DATA EXTRACT:
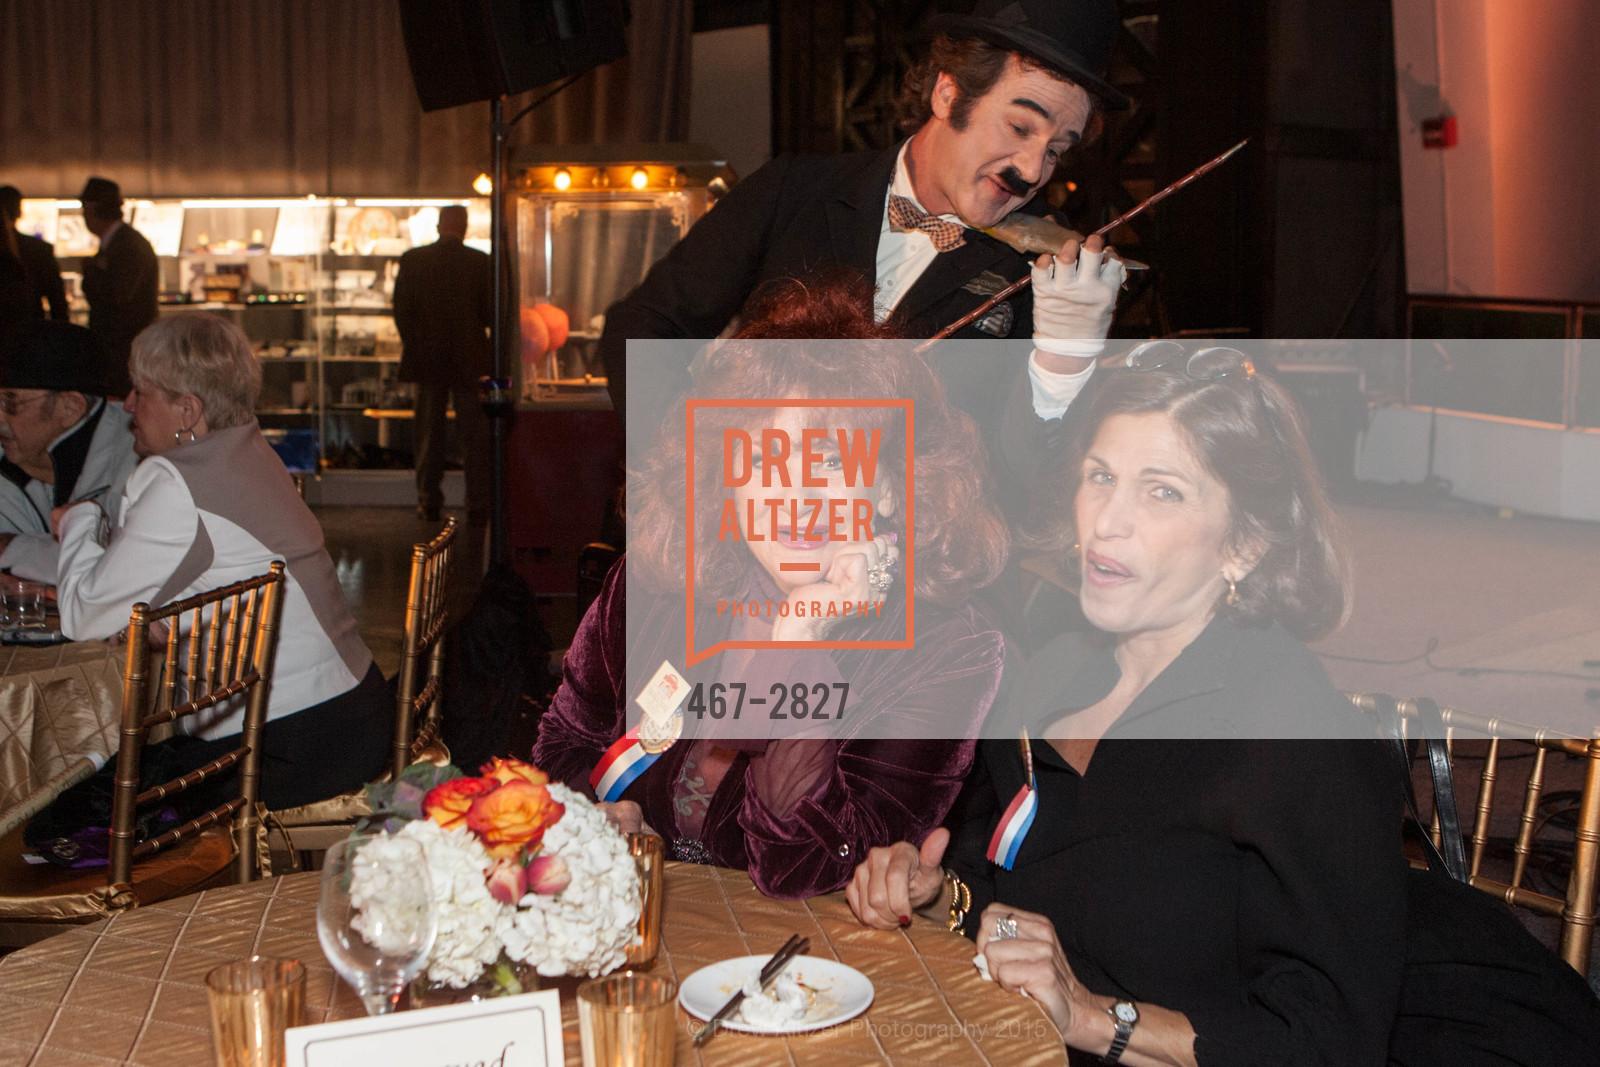 Pat Brown, Doris Raymond, Photo #467-2827
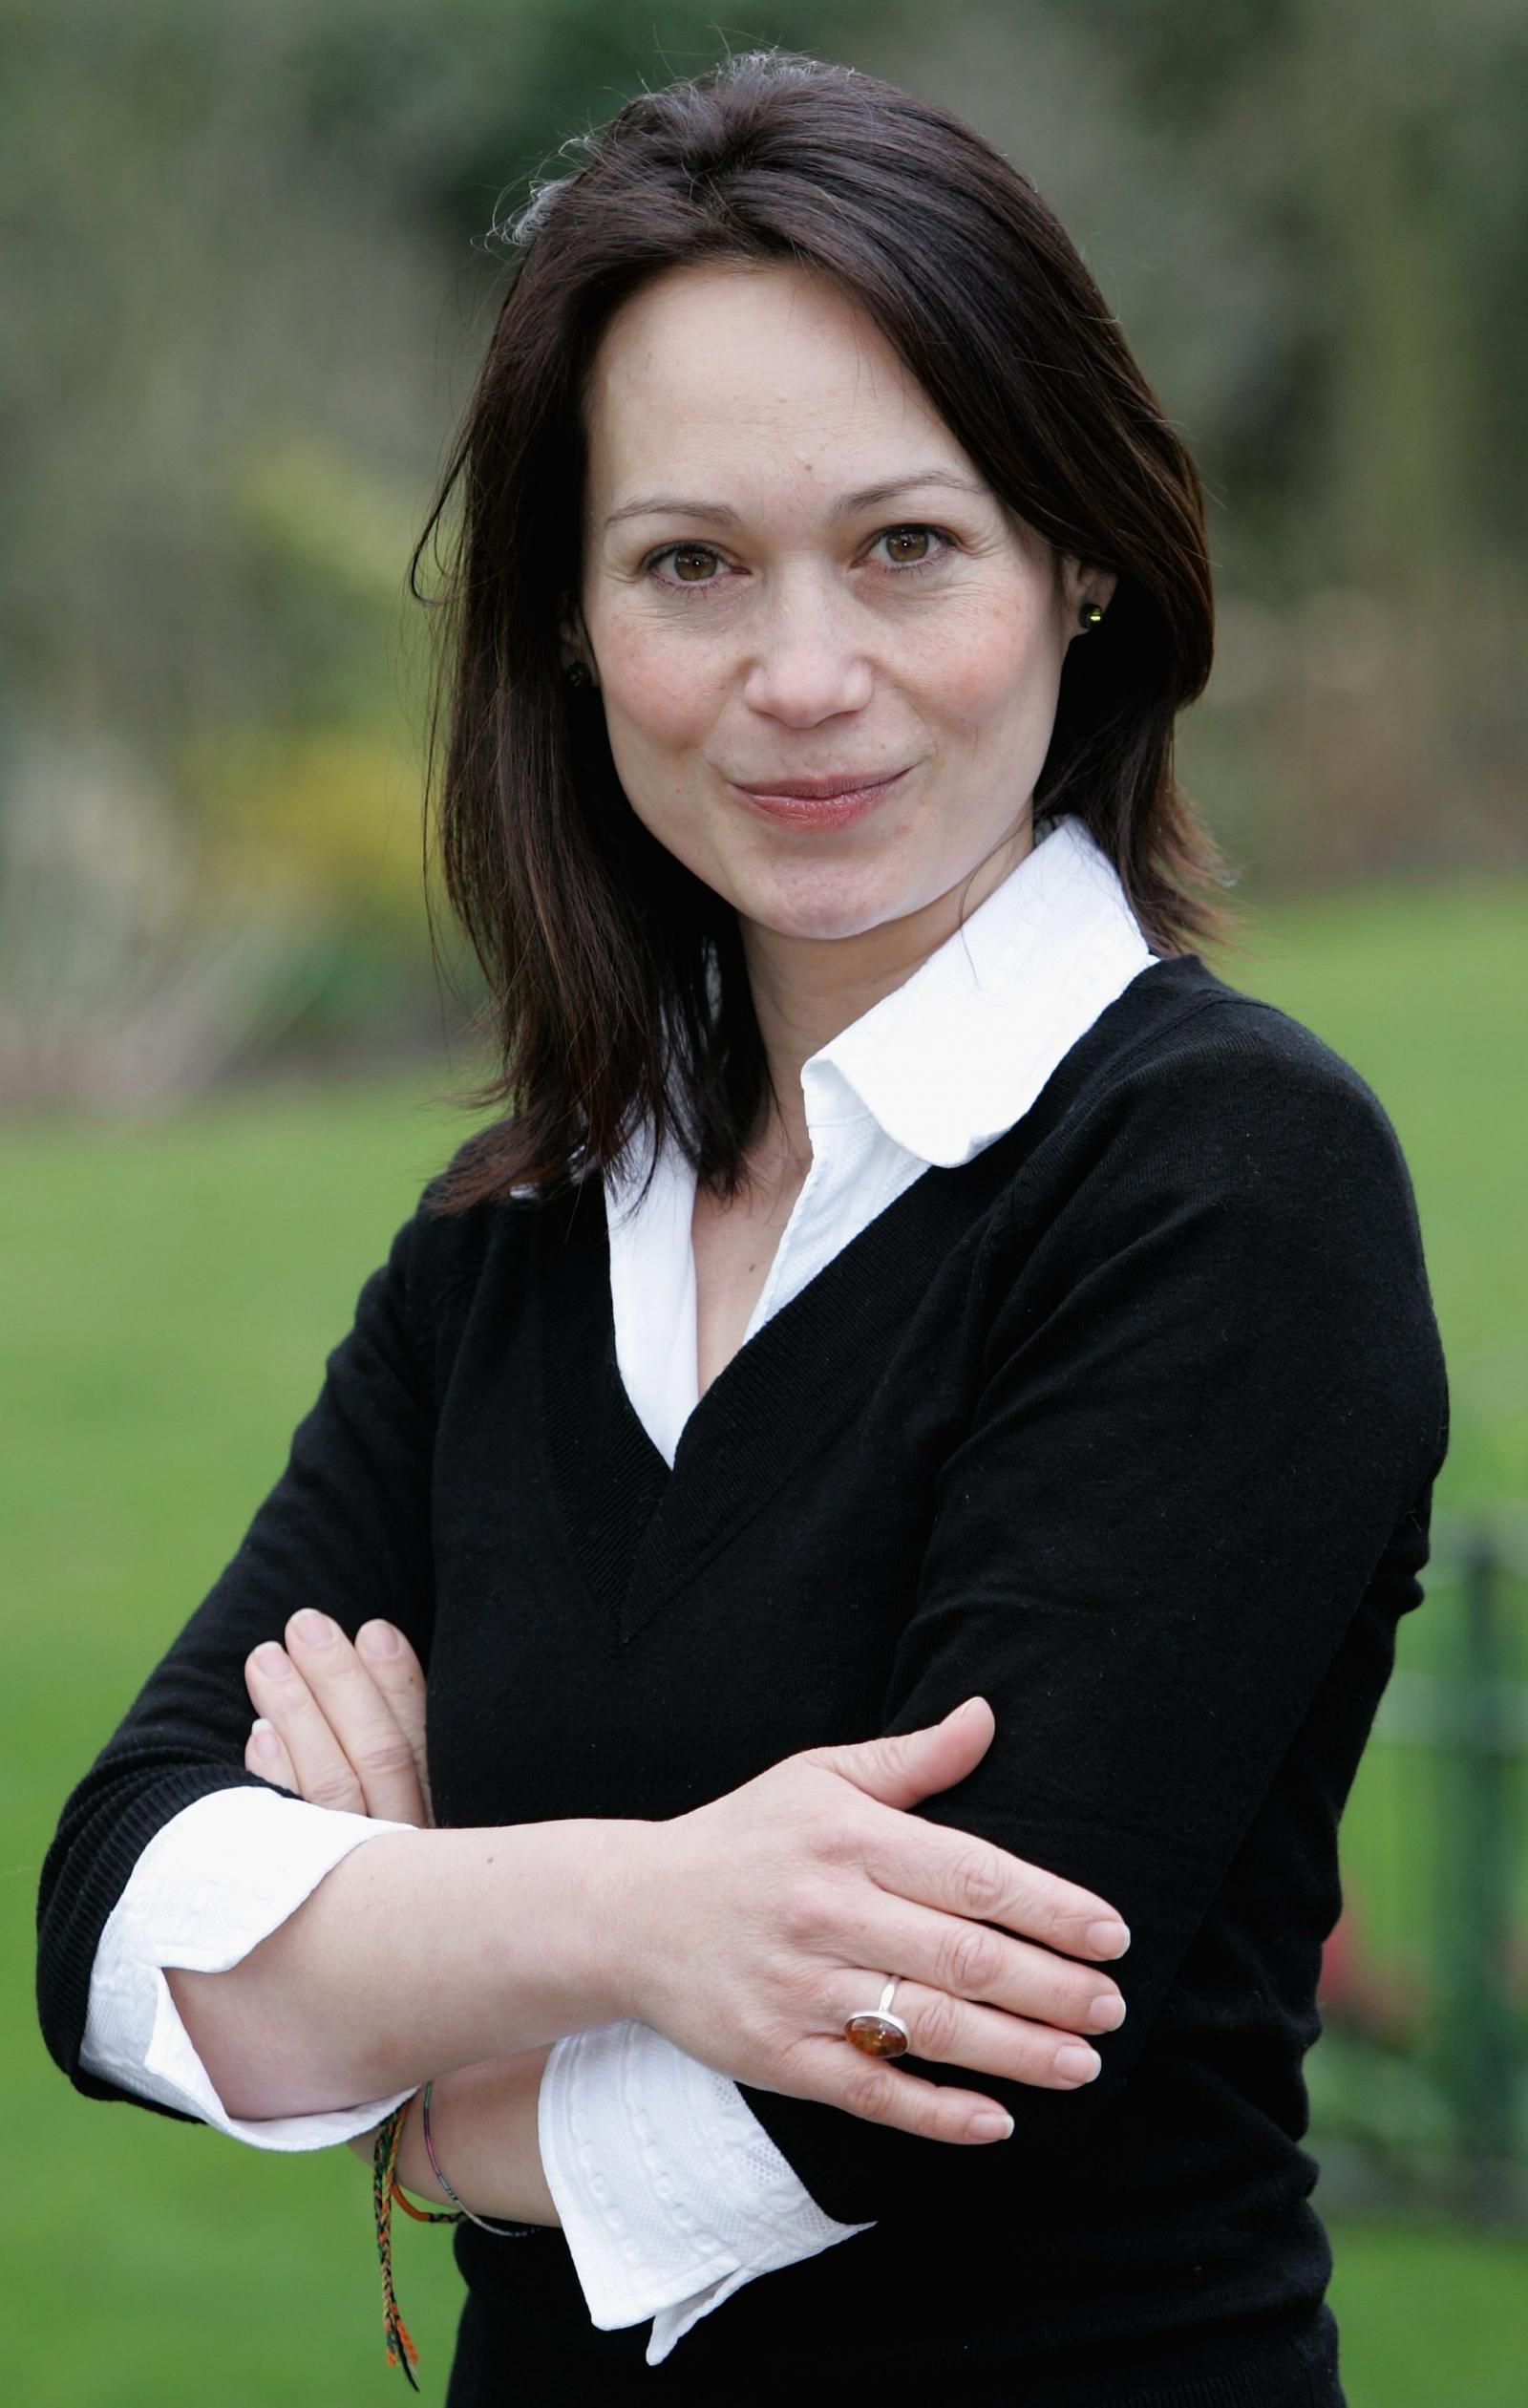 Leah Bracknell Emmerdale
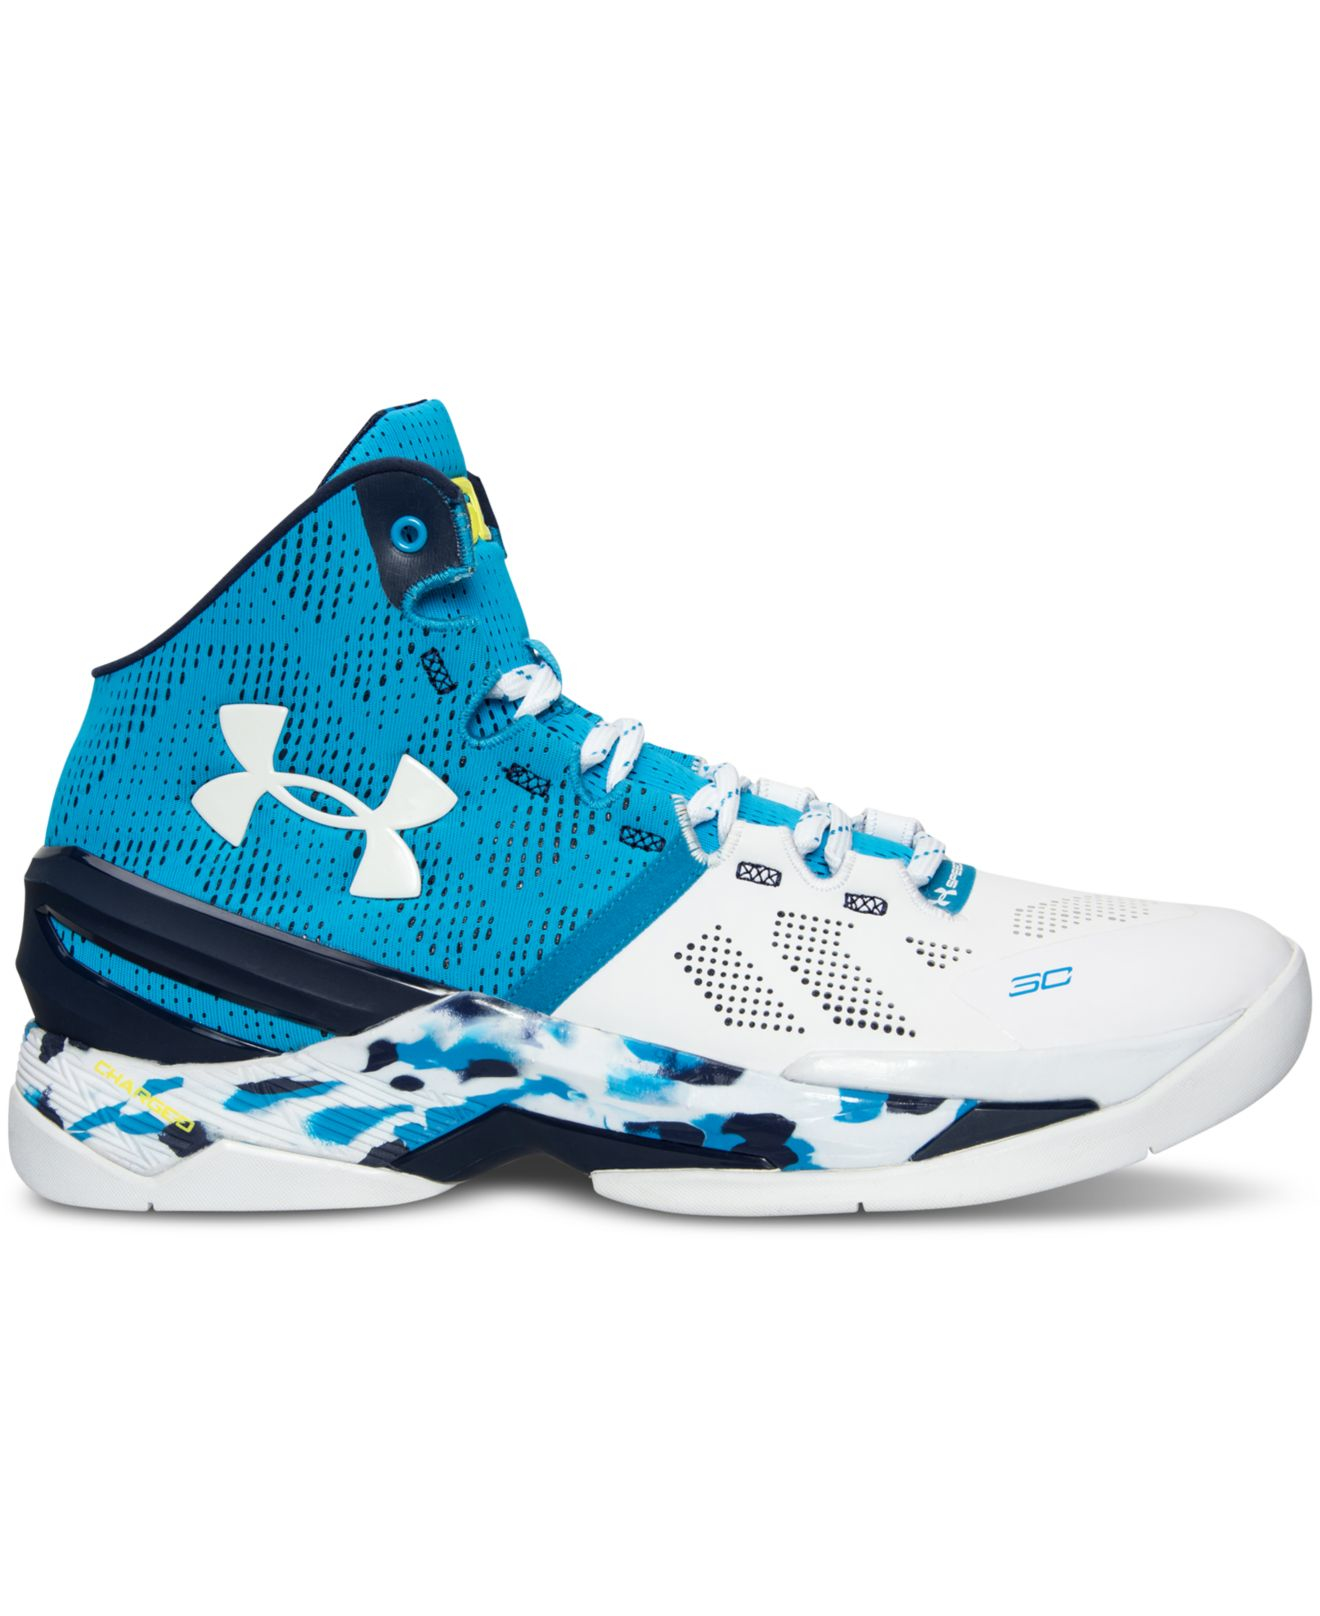 Finish Line Womens Basketball Shoes

WHAT TO DO:
After locating the line with "Leah Bracknell Emmerdale", transcribe it and the rest of the data above exactly as written, without any picture.

ANSWER TO THIS PROBLEM:
 Leah Bracknell Emmerdale
 Finish Line Womens Basketball Shoes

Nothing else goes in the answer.